Ich brachte Salzwasser zum Kochen und kochte darin den Teig mithilfe eines Nockerlsiebes und einer Teigkarte ein. Mit einem Kochlöffel rührte ich im Topf, um Klumpenbildung zu verhindern, und schon waren die Nockerln fertig.
In einer Pfanne schmolz ich Butter, schwenkte darin die Nockerln, salzte sie und schlug drei Eier hinein. Schon war das Mahl gerichtet.
Ich bereitete noch einen grünen Salat zu, mit bestem Kürbiskernöl, und war stolz auf meine kulinarische Leistung.
Eiernockerln mit grünem Salat war nämlich die Lieblingsspeise des Mannes, dessen Andenken ich an diesem Tag im April hochhalten wollte.
Ich wollte mich an den Tisch setzen und mit dem Verzehr der Köstlichkeit beginnen, als mein Telefon läutete. Nachdem das Gespräch geendet hatte, warf ich zufällig einen Blick auf das Display meines Mobiltelefons und erschrak.
Ich begann zu weinen und konnte das Gericht nicht anrühren. Ich nahm den Teller, lief nach draußen zum Zaun der Nachbarin und leerte die Nockerln in den für diese Zwecke bestimmten Teil des Hühnerauslaufes. Den Salat leerte ich auf unseren Komposthaufen.

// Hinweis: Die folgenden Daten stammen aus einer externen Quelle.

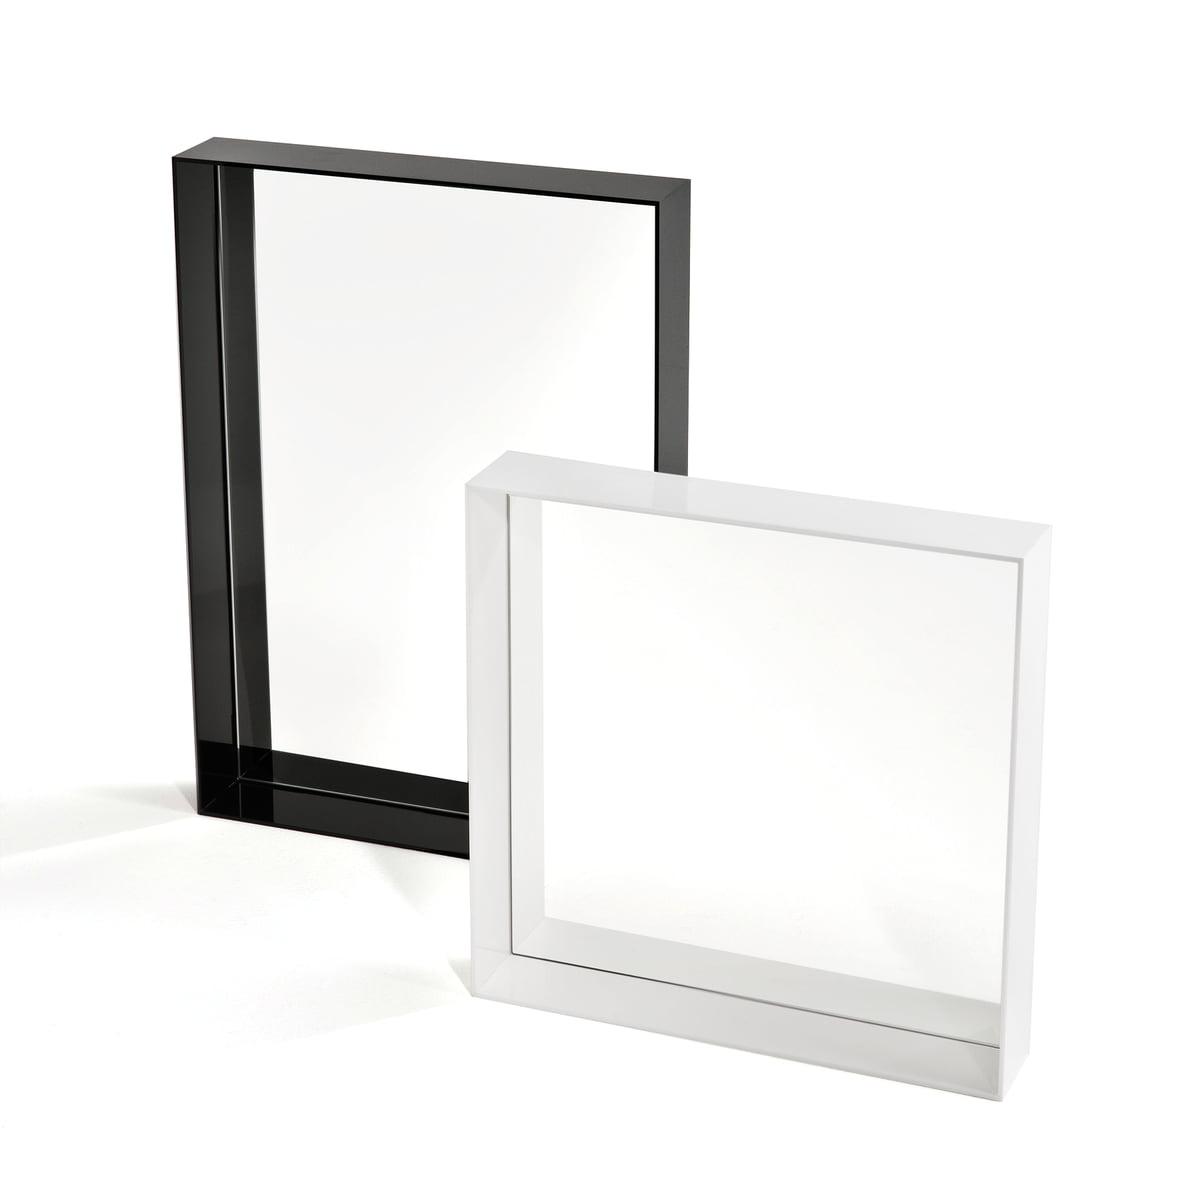 Nett 30 X 60 Gestalteter Spiegel Zeitgenössisch - Benutzerdefinierte ...

Dann setzte ich mich wieder an den Tisch, aß ein Stück Brot und weinte abermals.
Ich hatte die Eiernockerln mit grünem Salat am zwanzigsten April zubereitet. Doch mein lieber Erbonkel Anselm, auf dessen Bauernhof ich heute lebe und dessen Leibspeise eben diese Nockerln waren, hat erst am einundzwanzigsten April Namenstag.